◆ **Work order**
Using the data below, reproduce exactly the lines from the line with "eine Sektio Stockfoto" to the line with "上品 エレホン アルカードKL 18kg/缶 珪酸リチウム アルカリ付与・下地", both included; pictures must be dropped.

◆ **Data section**
________________________________________
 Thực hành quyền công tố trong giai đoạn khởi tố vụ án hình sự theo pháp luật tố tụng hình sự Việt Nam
________________________________________
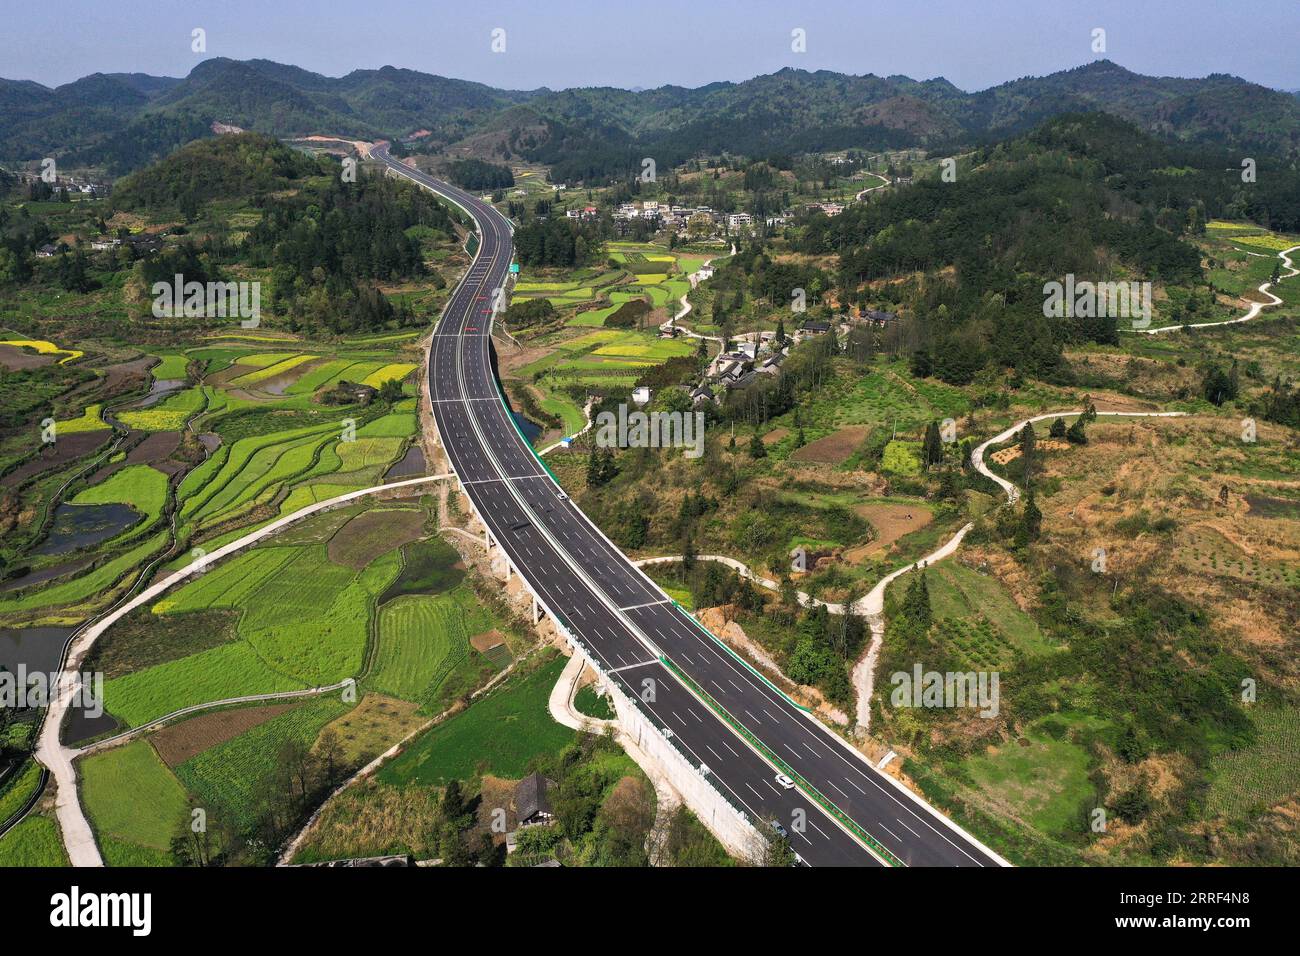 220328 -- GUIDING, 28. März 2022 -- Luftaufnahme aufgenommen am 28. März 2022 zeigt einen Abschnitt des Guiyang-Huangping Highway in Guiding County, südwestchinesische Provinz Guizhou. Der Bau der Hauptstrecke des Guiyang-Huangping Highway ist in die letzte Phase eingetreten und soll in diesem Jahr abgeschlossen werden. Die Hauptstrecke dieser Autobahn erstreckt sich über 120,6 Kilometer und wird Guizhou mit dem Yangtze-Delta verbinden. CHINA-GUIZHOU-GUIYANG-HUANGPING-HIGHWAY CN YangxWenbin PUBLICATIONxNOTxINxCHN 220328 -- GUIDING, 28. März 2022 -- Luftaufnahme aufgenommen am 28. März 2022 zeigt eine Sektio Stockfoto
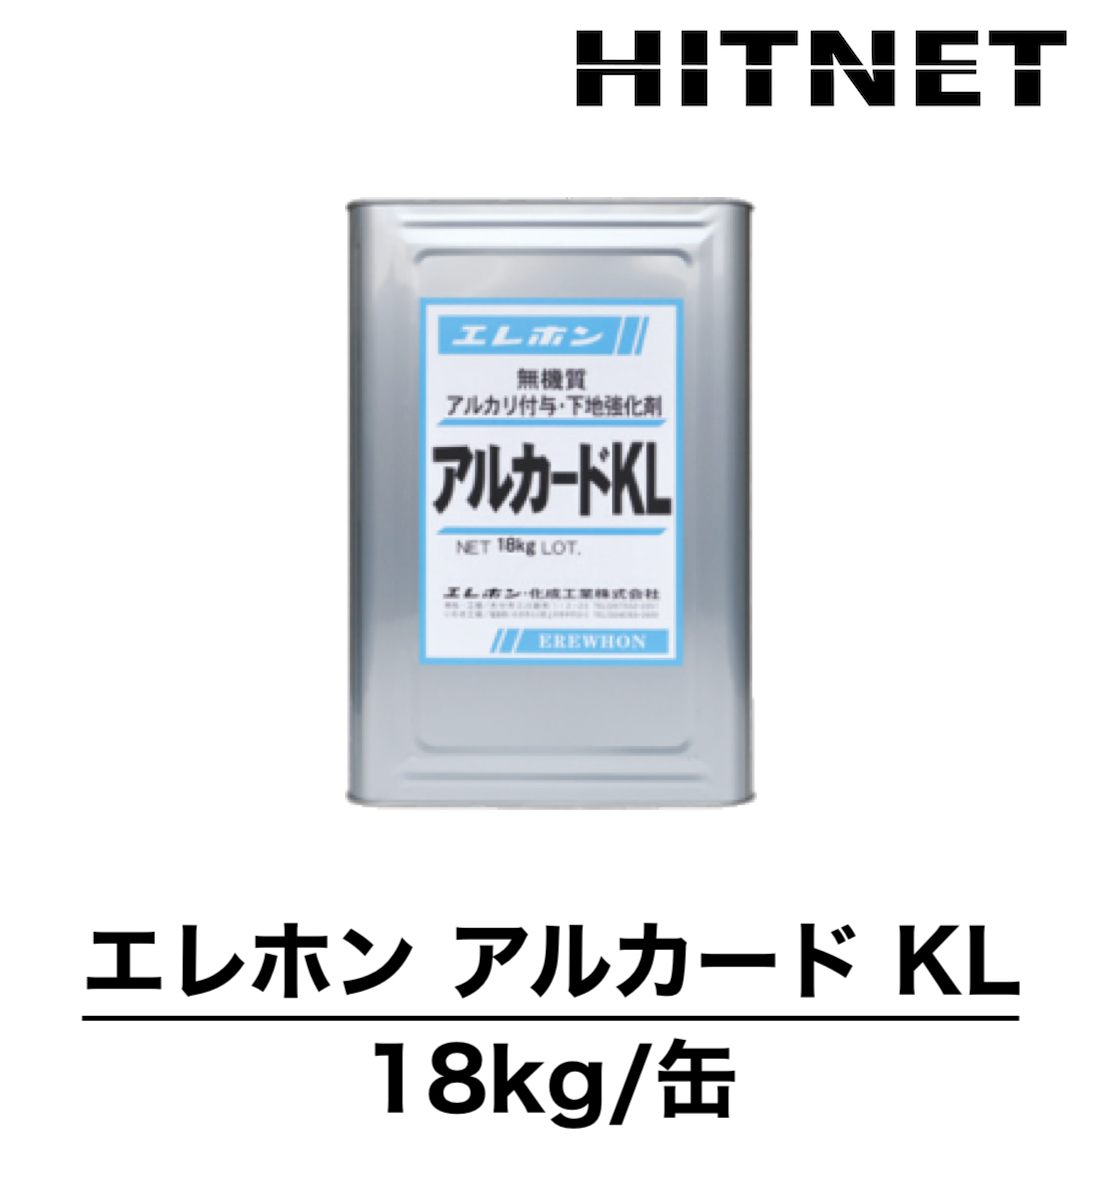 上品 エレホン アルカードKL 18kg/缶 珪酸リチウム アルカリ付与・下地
________________________________________
◆ **Exercise output**
 220328 -- GUIDING, 28. März 2022 -- Luftaufnahme aufgenommen am 28. März 2022 zeigt einen Abschnitt des Guiyang-Huangping Highway in Guiding County, südwestchinesische Provinz Guizhou. Der Bau der Hauptstrecke des Guiyang-Huangping Highway ist in die letzte Phase eingetreten und soll in diesem Jahr abgeschlossen werden. Die Hauptstrecke dieser Autobahn erstreckt sich über 120,6 Kilometer und wird Guizhou mit dem Yangtze-Delta verbinden. CHINA-GUIZHOU-GUIYANG-HUANGPING-HIGHWAY CN YangxWenbin PUBLICATIONxNOTxINxCHN 220328 -- GUIDING, 28. März 2022 -- Luftaufnahme aufgenommen am 28. März 2022 zeigt eine Sektio Stockfoto
 上品 エレホン アルカードKL 18kg/缶 珪酸リチウム アルカリ付与・下地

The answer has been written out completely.